İstanbul Modern’deki Canan Tolon Sergisi, Borusan Contemporary’de “Söylenir ve Yarım Kalır Bütün Aşklar”, Arter’deki yedi sergi, Salt’ta Nur Koçak, Yapı Kredi Kültür Sanat’ta Halil Altındere ve hepsini teker teker sayamayacağım sayısız galerideki sergiler bunların arasında.
Sergilerin yanı sıra paralel etkinliklere söyleşiler, konserler, workshop’lar, radyo programları dahil.
Ömer Koç’un özel koleksiyonu bienal kapsamında Abdülmecid Efendi Köşkü’nde gezilebilir.
Canan Tolon’un açılışında soldan sağa Levent Çalıkoğlu, Canan Tolon, Oya Eczacıbaşı ve Eczacıbaşı Ceo’su Atalay Gümrah
İSTANBUL MODERN’DE CANAN TOLON’UN SEN SÖYLE SERGİSİ
BİENAL öncesi kapılarını ilk açan yan etkinliklerinden biri İstanbul Modern’deki Canan Tolon Sergisi.

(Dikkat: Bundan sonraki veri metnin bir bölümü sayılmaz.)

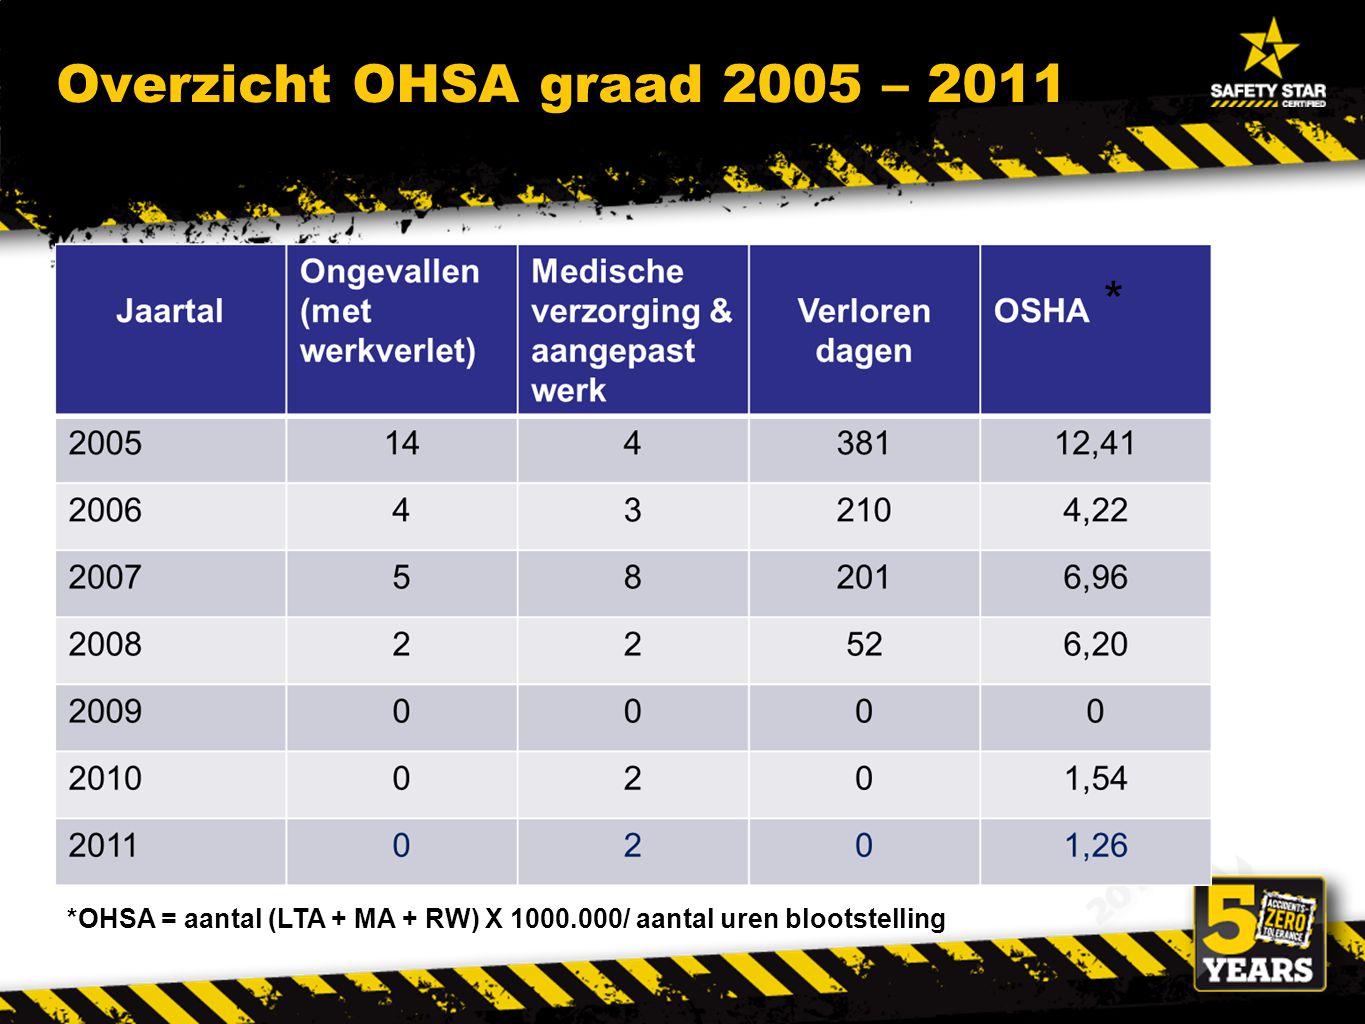 *OHSA = aantal (LTA + MA + RW) X 1000.000/ aantal uren blootstelling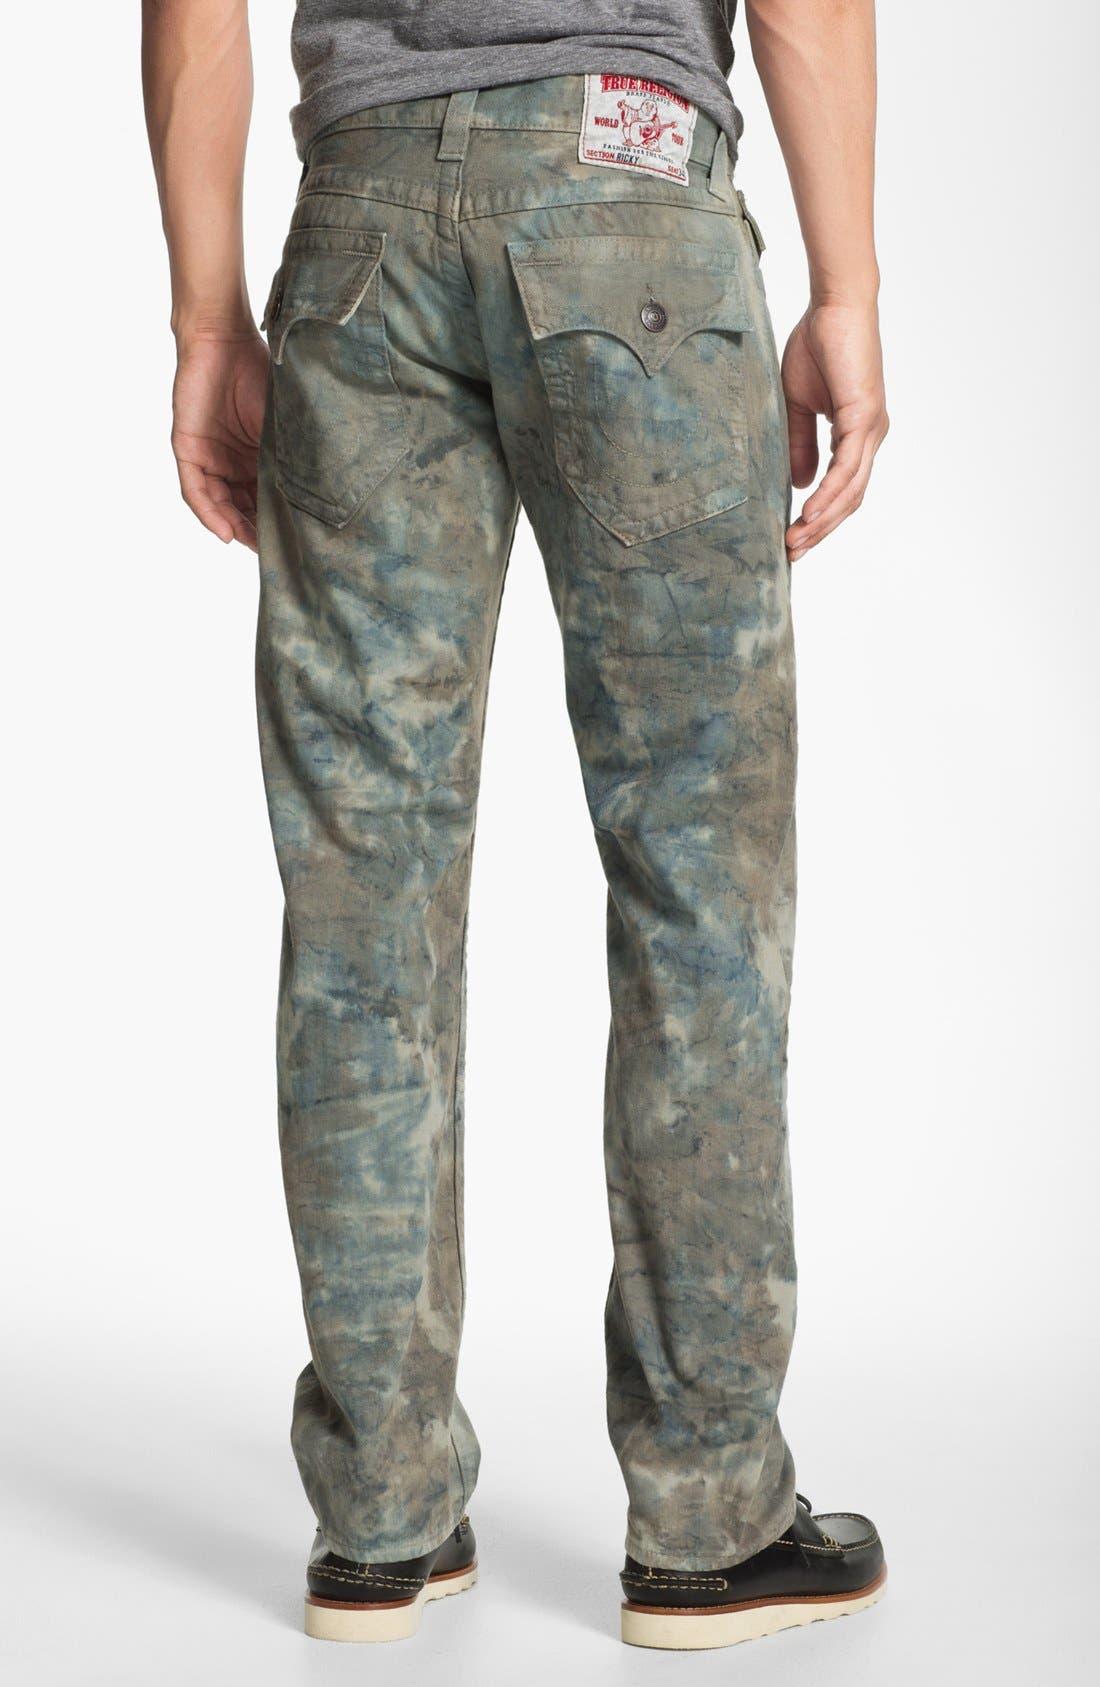 Main Image - True Religion Brand Jeans 'Ricky' Straight Leg Jeans (Olive)

Açılışında sanatçı ve İstanbul Modern Genel Direktörü, küratör Levent Çalıkoğlu ile gezme fırsatını bulduğumuz serginin başlığı “Sen Söyle”.
Yaşamını İstanbul ve Los Angeles’te sürdüren, British Museum gibi dünyanın önde gelen müzelerinde eserleri olan Canan Tolon, Çalıkoğlu’nun dediği gibi çağımızın en ilginç sanatçılarından biri.
Türkiye’nin dünya çapında bir sanatçısı kuşkusuz.
“Sen Söyle” Sergisinde, mimarlık eğitimi almış olan Tolon çoğunlukla karşı karşıya gelen doğa ve mimarlığı kendi kurgusuna göre kimi zaman buluşturuyor, kimi zaman ayrı düşürüyor.
“Sen Söyle” izleyiciyi düşünmeye sevk eden iki sözcük.
Sanatçı bir kenara çekiliyor ve izleyicisinin yorumlarını bekliyor gibi.
Eserlerinde çim, balmumu, kahve telvesi, doğanın mimari öğeler üzerinde tahribatını simgeleyen pası kullanıyor Tolon.